Non-banks as a source of systemic risk
Shocked by COVID-19, economies dominated with non-banks will once more get more severely hit.
Non-banks raise leverage out of the financial supervision and, thus, make financial system more vulnarable during economic downturns. The US financial system, in particular, is exposed to the off-balance sheet risks such as financial guarantees and insurances created in the securitization process.
Nonbanks have the competitive advantage against banks since they are exempt from the banking requirements in terms of capital and liquidity. Yet these exemptions raise their exposures to financial risks.
Regulators should include the nonbanks within the context of the capital and liquidity requirements. Since securities increase the interdependence among the firms, a more holistic approach should be improved to analyze and monitor the systemic risk instead of individually focusing on each financial institution.
How can non-banks trigger systemic risk?
The expansion of the asset backed securities (ABSs) created a major way of financial intermediation outside the banking sector. Thus, nonbank institutions intermediated and guaranteed ABS products.
While ABSs are profitable in normal times, they cause severe losses in the crisis. Once a panic turns into a crisis, many borrowers loose their jobs and unable to pay their monthly credit installments. So collaterals backing the securities are converted into cash. For mortgage type of securities, backing instruments are borrowers' houses. Thousands of people loose their houses in addition to their jobs. When a huge amount of houses is sold simultaneously, house prices decline causing collaterals not to be able to pay for the whole loan amount. So guarantors of the assets need to cover the excess of loss from defaults.
Collapse of mortgages triggers the fail of other types of ABSs such as asset-backed commercial papers (ABCP). Due to the liquidity shortage in the financial markets, businesses that cannot roll over debt, go bankrupt. As a result, nonbanks, as the guarantors of the ABCPs, undertake a heavy burden once again.

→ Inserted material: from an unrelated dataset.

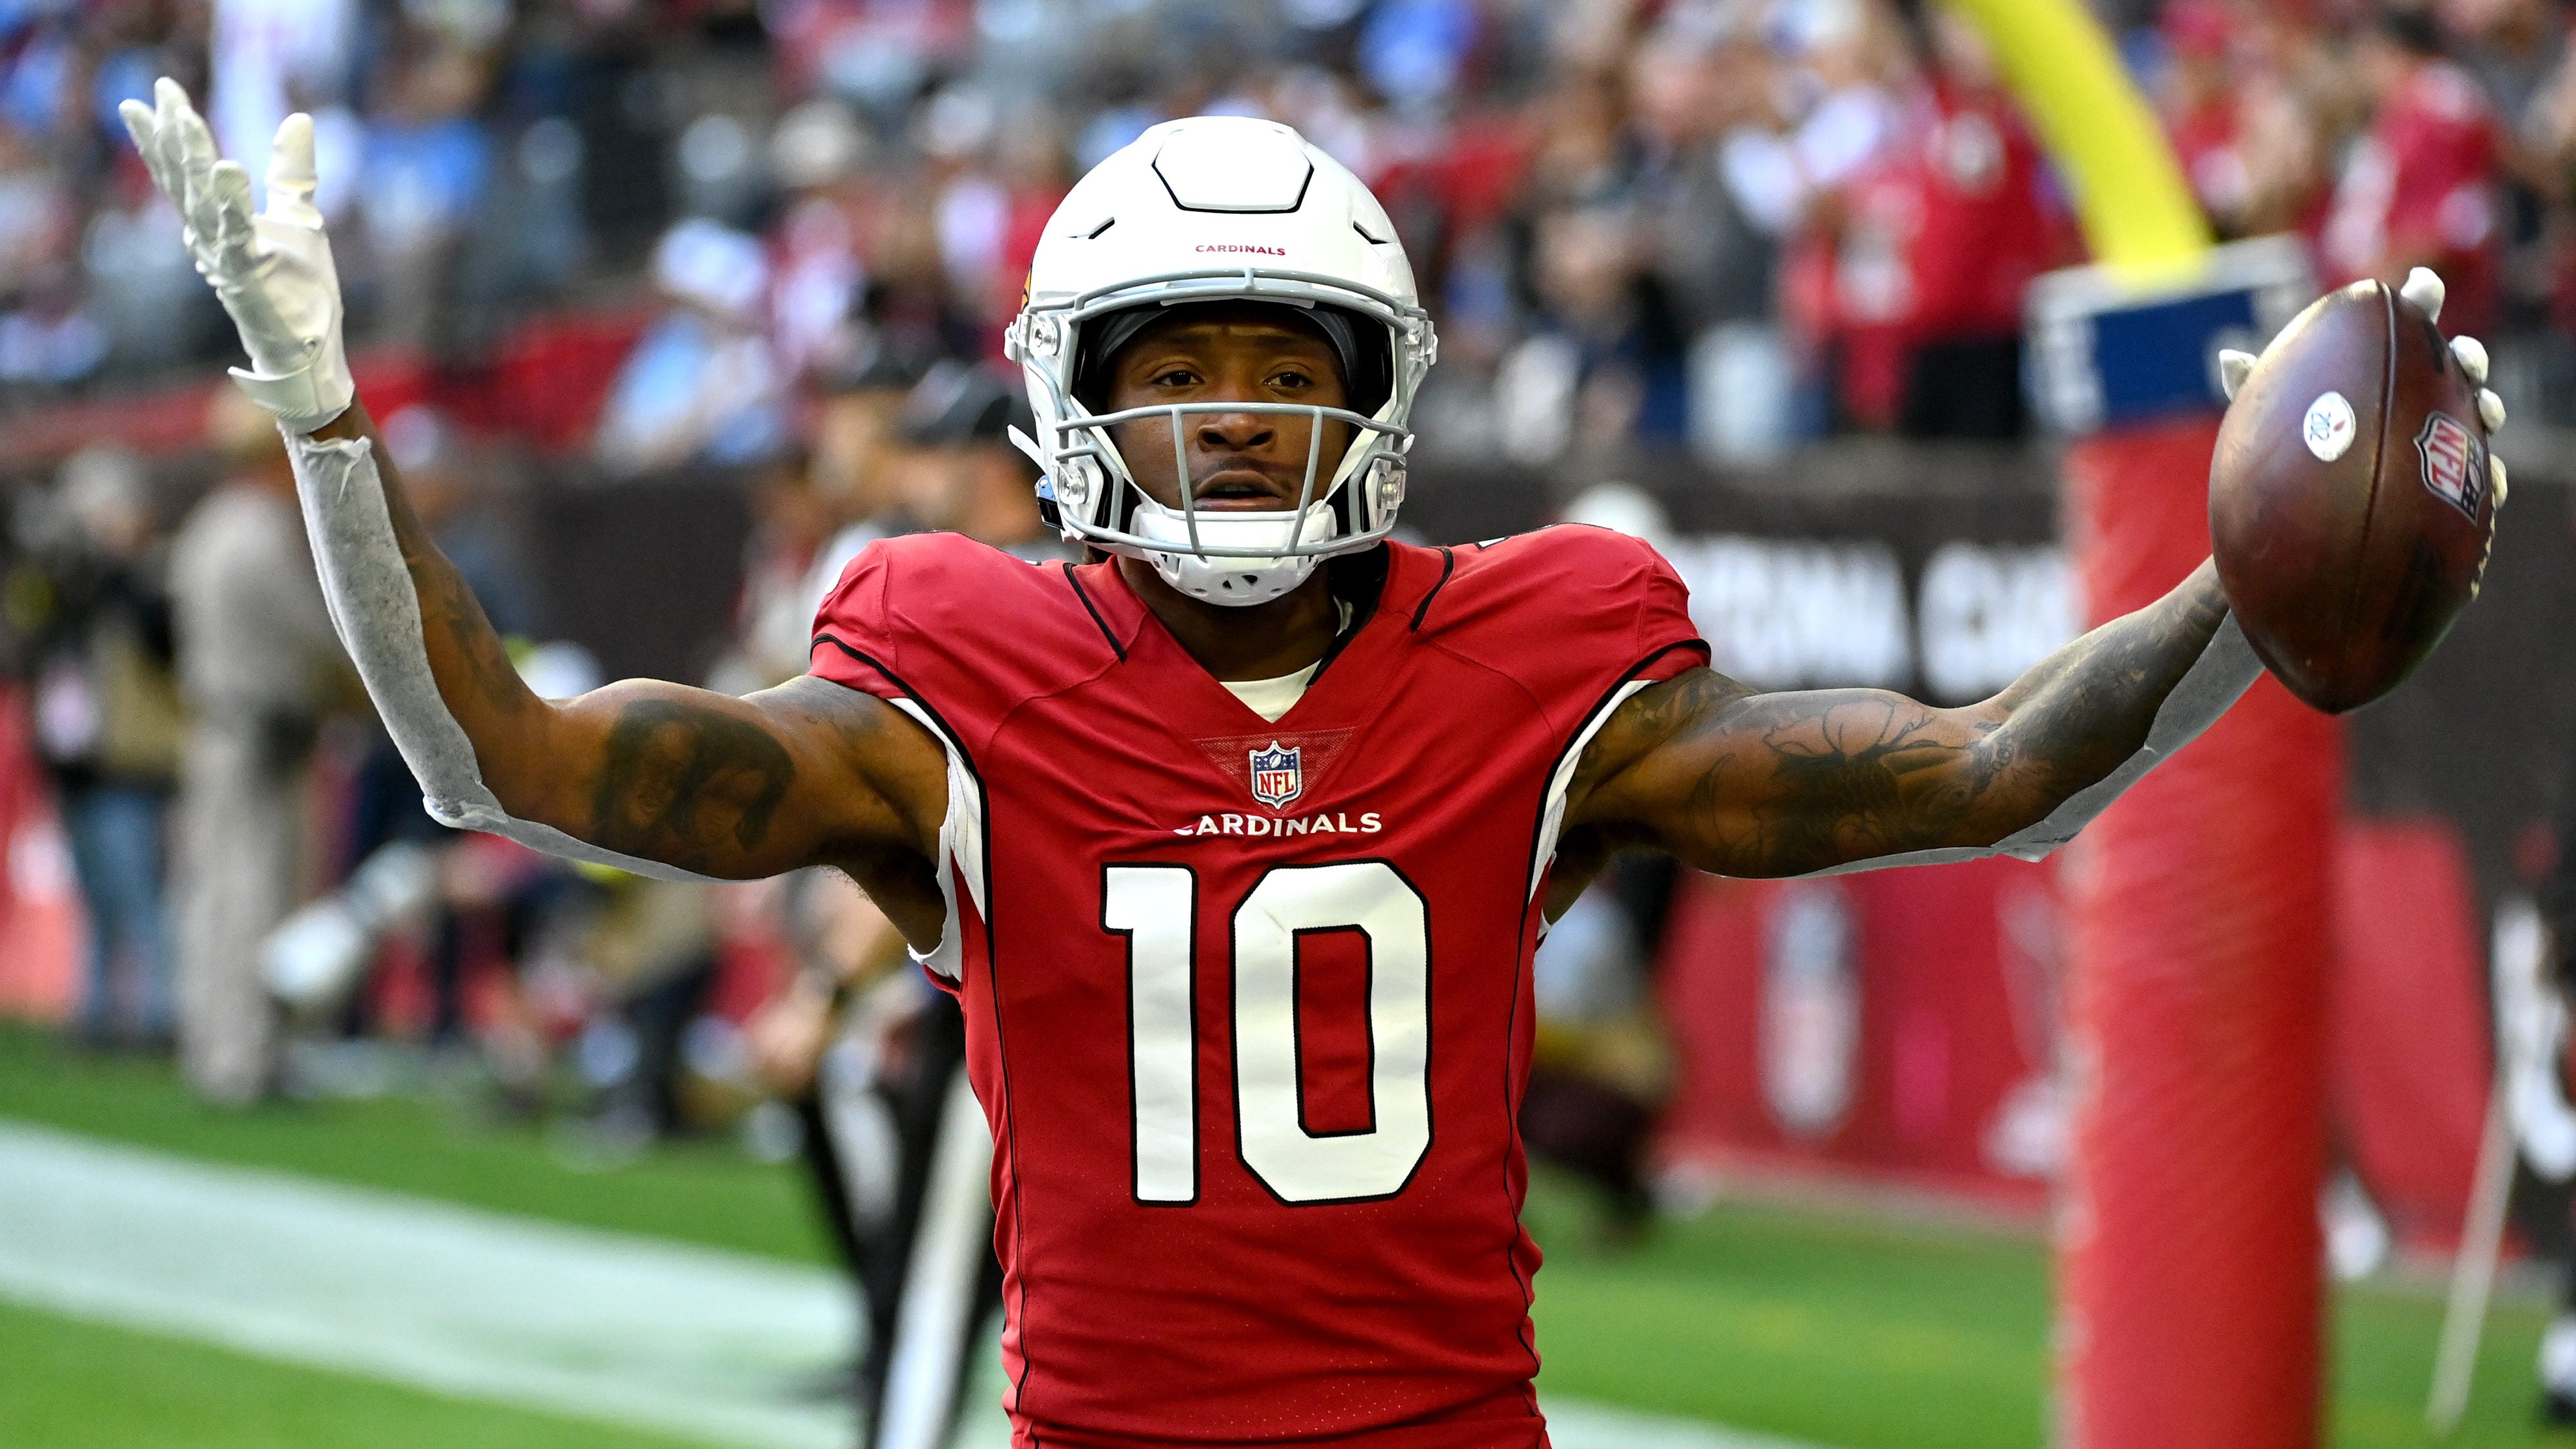 Rumor hints at possible new uniforms for the Arizona Cardinals

In case nonbanks are not covered under the lender of the last resort mechanism, a liquidity shortage causes their failure that destabilizes the whole financial system triggering a contagion effect. After the 2008 global financial crisis, nonbanks are allowed to directly reach the Fed's liquidity sources. Thanks to the lessons learnt, this time, the Fed rapidly provided liquidity to the entire financial system.

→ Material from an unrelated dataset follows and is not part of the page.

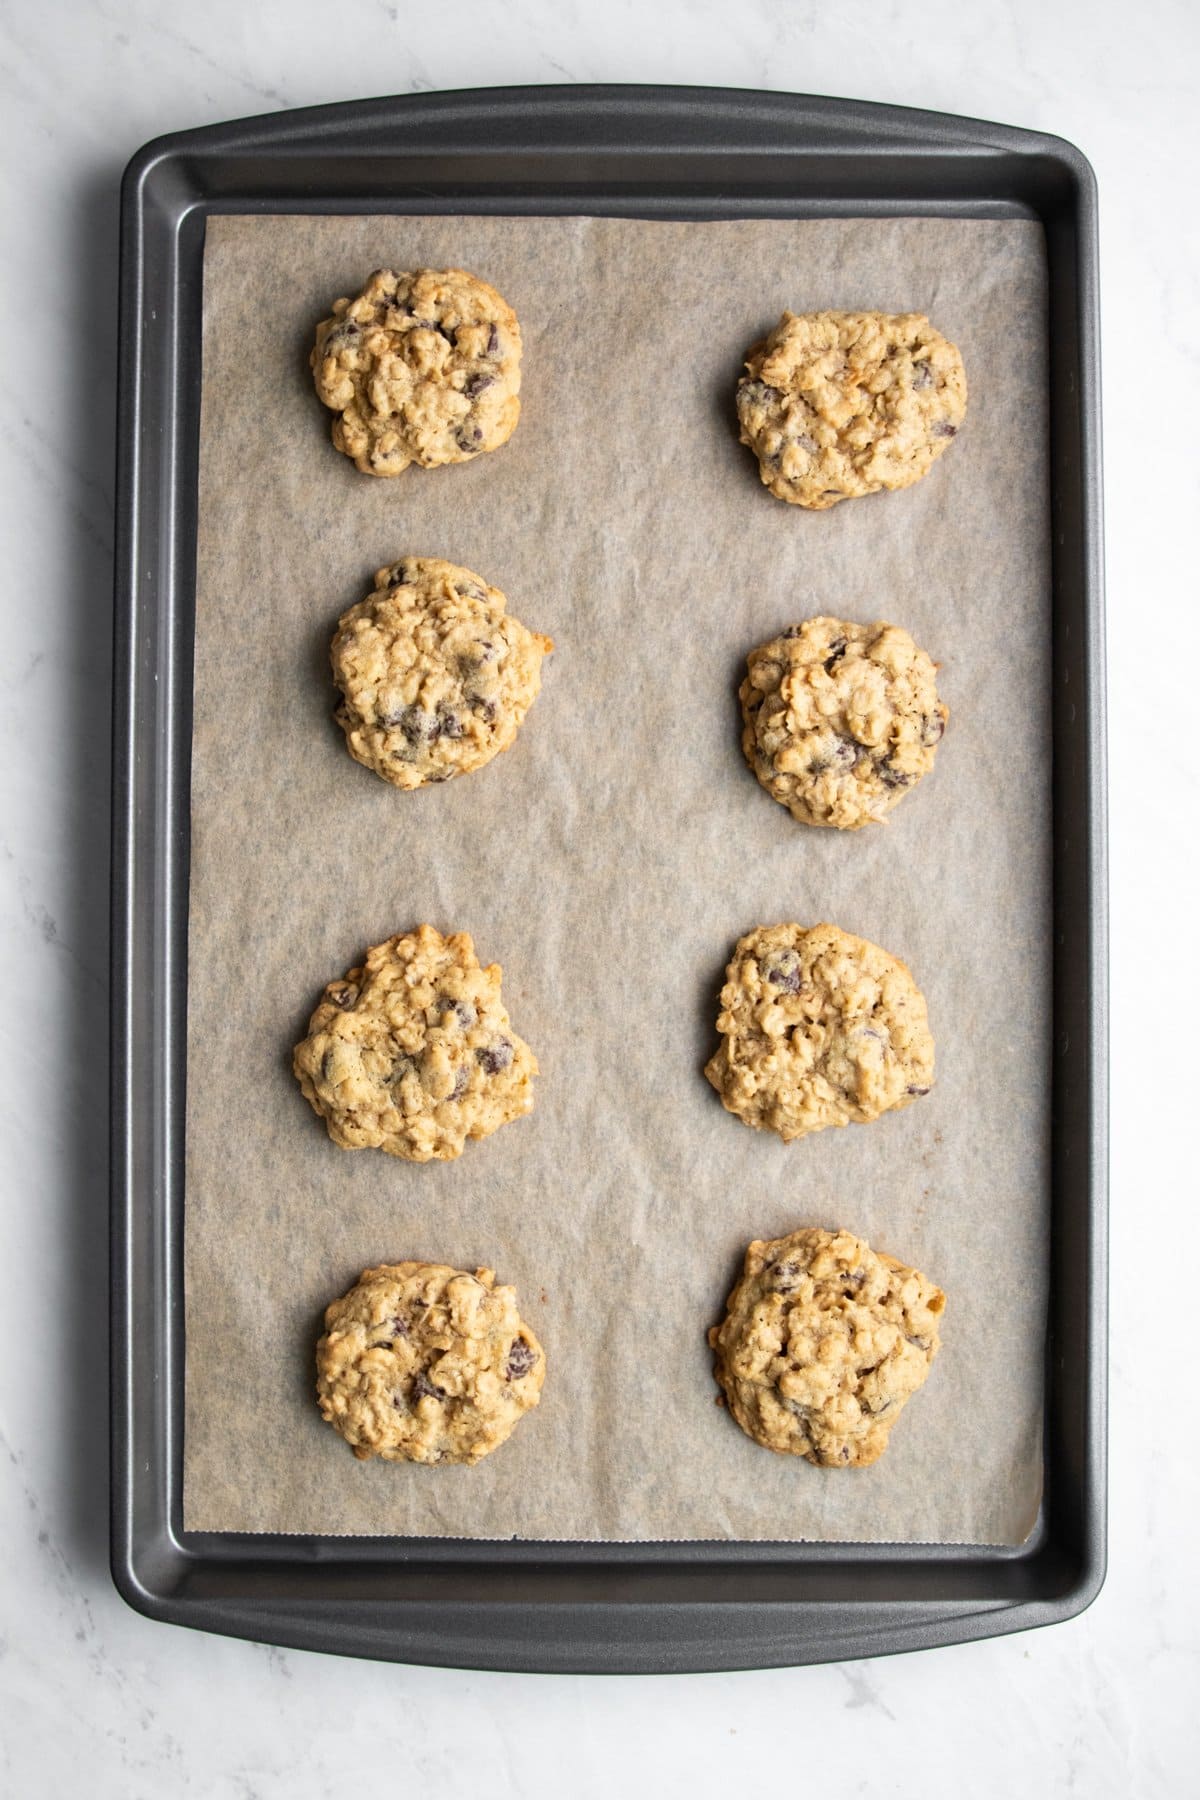 Eight baked low FODMAP oatmeal chocolate chip cookies on a baking sheet lined with parchment paper.

How should systemic risk be regulated
As the nonbank financial sector grows, a greater percentage of lenders and borrowers are matched outside the banking system. Therefore, credit, maturity and liquidity risks are also transferred from banks to new institutions such as guarantors and trusts. So, the related products of these new institutions should be covered by the banking regulations.
Another concern from the regulator point of view is in terms of ABS guarantee or insurance accounting. A guarantee or insurance is not written on the liability side of the balance sheet. Thus, the insurer or guarantor is able to be very high leveraged. Therefore, capital and liquidity requirements should cover off-balance sheet liabilities as well.

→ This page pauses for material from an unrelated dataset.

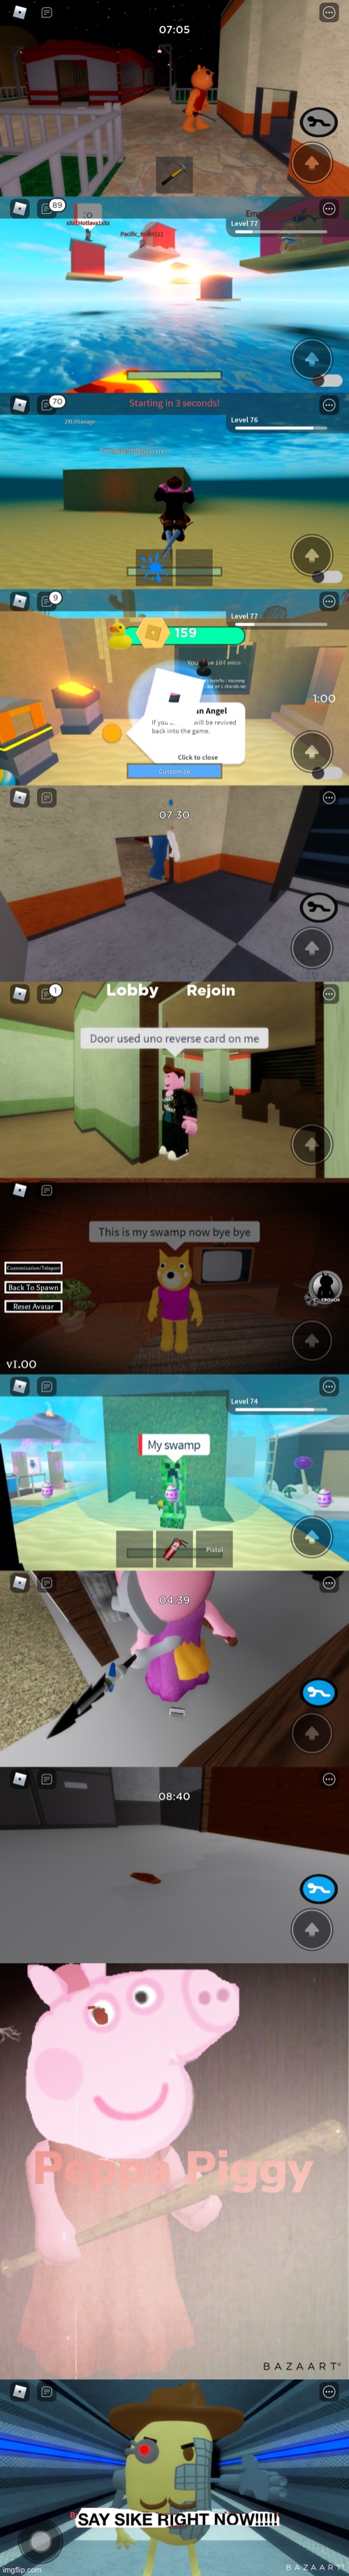 Extremely Cursed Roblox Pictures I took while playing roblox | image tagged in piggy,horrific housing,roblox | made w/ Imgflip meme maker

Securitization causes the systemic risk to spread much more quickly, increasing the interconnectedness among financial and nonfinancial firms. Especially over the counter transactions increase the exposures to the counter party default risk. Therefore, regulatory bodies should particularly monitor bilateral financial transactions.
Conclusion
Shadow banking emerged and expanded as a result of the need for secure and liquid assets. Securitization (Jobst, 2008) became the leading mechanism of the nonbanks providing maturity transformation (Armour, 1999) in a secure and liquid way.
Unfortunately, the liquidity and safety features of securities are out of service in the crisis time. In traditional banking, depositors used to run from the banks withdrawing their balances. Nowadays, since securities represent a considerable rate of the liquid assets, they are the first ones converted into cash. Hence, a run from securities hits the security markets disabling the match between supply and demand. In consequence, the nonbanks guaranteeing and investing in ABSs write off great losses. Furthermore, their failure destabilizes whole financial system unless they are provided necessary liquidity by central banks.
Within the context of systemic risk precautions, regulators should cover the nonbanks in the banking regulations. Off-balance sheet liabilities should be taken into account while calculating the capital and liquidity requirements. Lastly, the complex financial relations resulting from ABSs should be analyzed periodically.
References
Andreas Jobst, 2008, Back to basics - what is securitization? Finance & Development 45, 48.
Armour, John, Dan Awrey, Paul Davies, Luca En riques, Jeffrey Gordon, Colin Mayer and Jennifer Payne, 1999, Principles of Financial Regulation (Oxford: Oxford Universit. Press), pp. 275-289.
Pozsar, Zoltan, 2011, Institutional Cash Pools and the Triffin Dilemma of the U.S. Banking System, International Monetary Fund Working Paper 11/19.